Мейсон задумался над словами шефа. Характеристика Роббина была безупречной. Никаких нареканий. Чище чистого. Действительно, он ни с кем не конфликтовал, много читал и рисовал. Ему даже разрешили учиться.
— Я не думаю, что возникнут проблемы. Тут дело в другом. Когда я сообщу об этом Роббину, со мной будет Уотерс. Вы его знаете, начальник охраны. Но он сейчас охотится в горах вместе с сыном. Его не будет всю неделю.
— Поступайте как знаете. Можете выбрать кого захотите.
— А вы?
Гефке рассмеялся:
— Вряд ли, дружище. Как я уже сказал, это ваш подопечный. Я займусь политическими делами, вы берете на себя процедуру. Вам все ясно?

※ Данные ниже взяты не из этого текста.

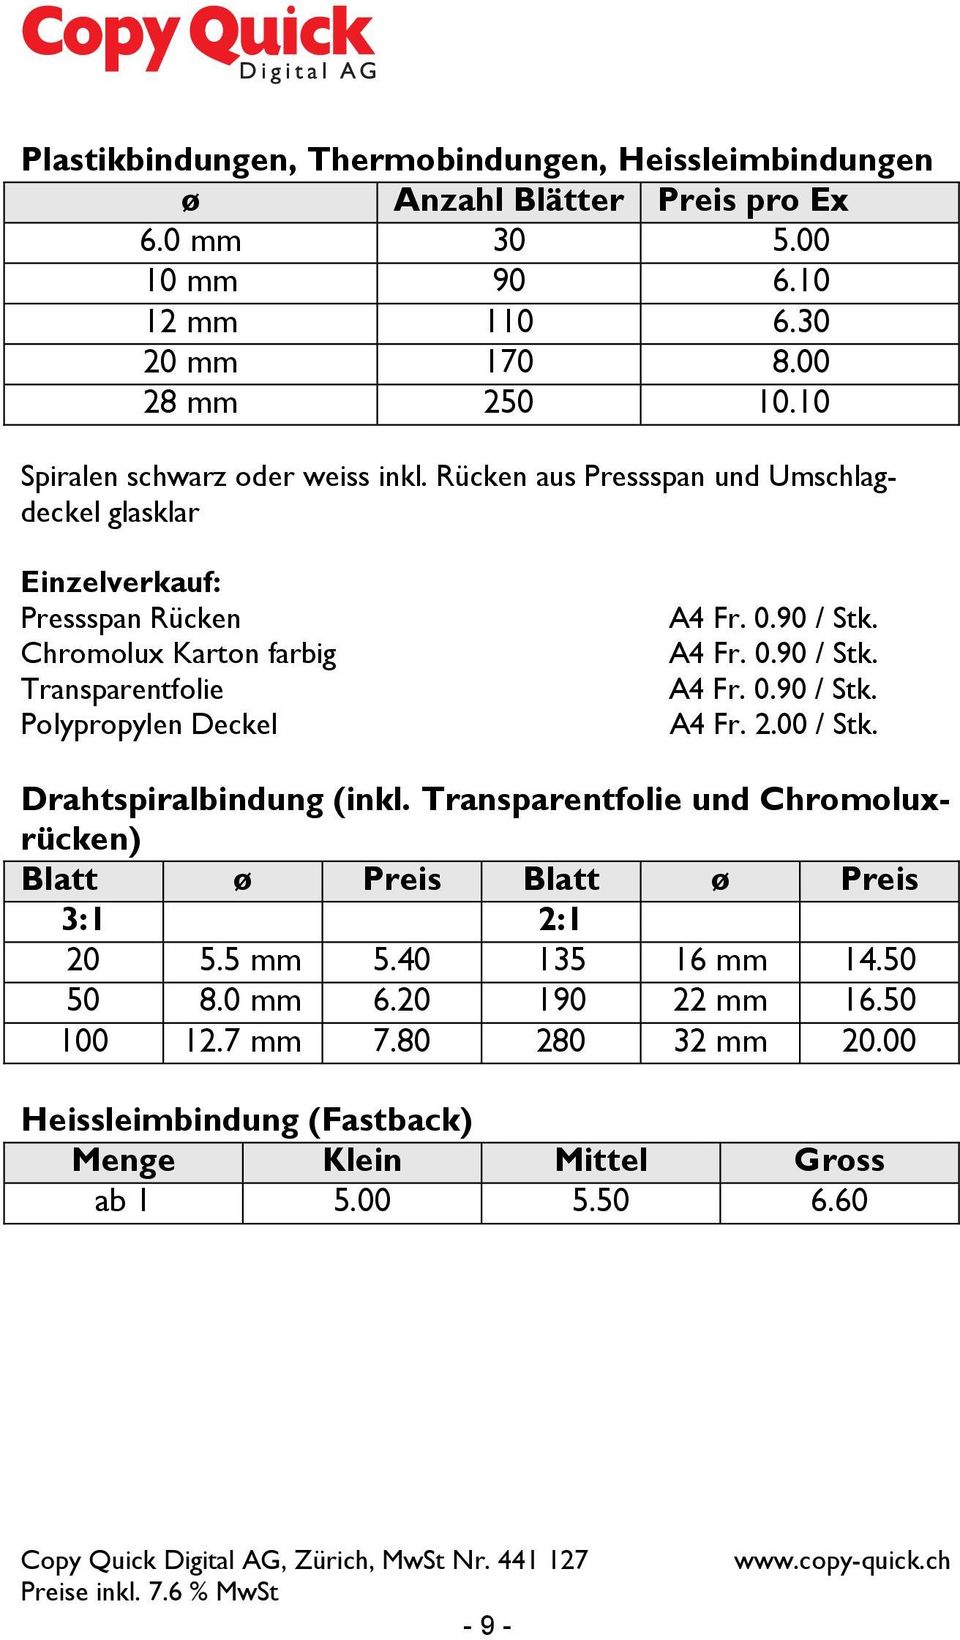 Rücken aus Pressspan und Umschlagdeckel glasklar Einzelverkauf: Pressspan Rücken Chromolux Karton farbig Transparentfolie Polypropylen Deckel A4 Fr. 0.90 / Stk. A4 Fr. 0.90 / Stk. A4 Fr. 0.90 / Stk. A4 Fr. 2.

— Да, сэр, — ответил Мейсон. — Мне все ясно.
Глава 4. Октябрь 1983 года
Веки над бледно-голубыми глазами пастора Сэмюэля Уайта сильно опухли и были ярко-красными, как свежее мясо. Пастор пребывал в задумчивости — локти на столе, руки скрещены, средний палец постукивает по столешнице. Ирен высморкалась и вытерла нос смятым носовым платком. Да как же ей было не расстроиться? Они же переезжают. Этим утром Нэт звонил из Орегона. Он принял предложение о работе и даже подписал бумаги на дом в каком-то городке под названием Блейн.
— Прекрасный дом, — сообщил он. — Отличная местность. Замечательный городок, красивый и маленький. Очень похож на Карлтон.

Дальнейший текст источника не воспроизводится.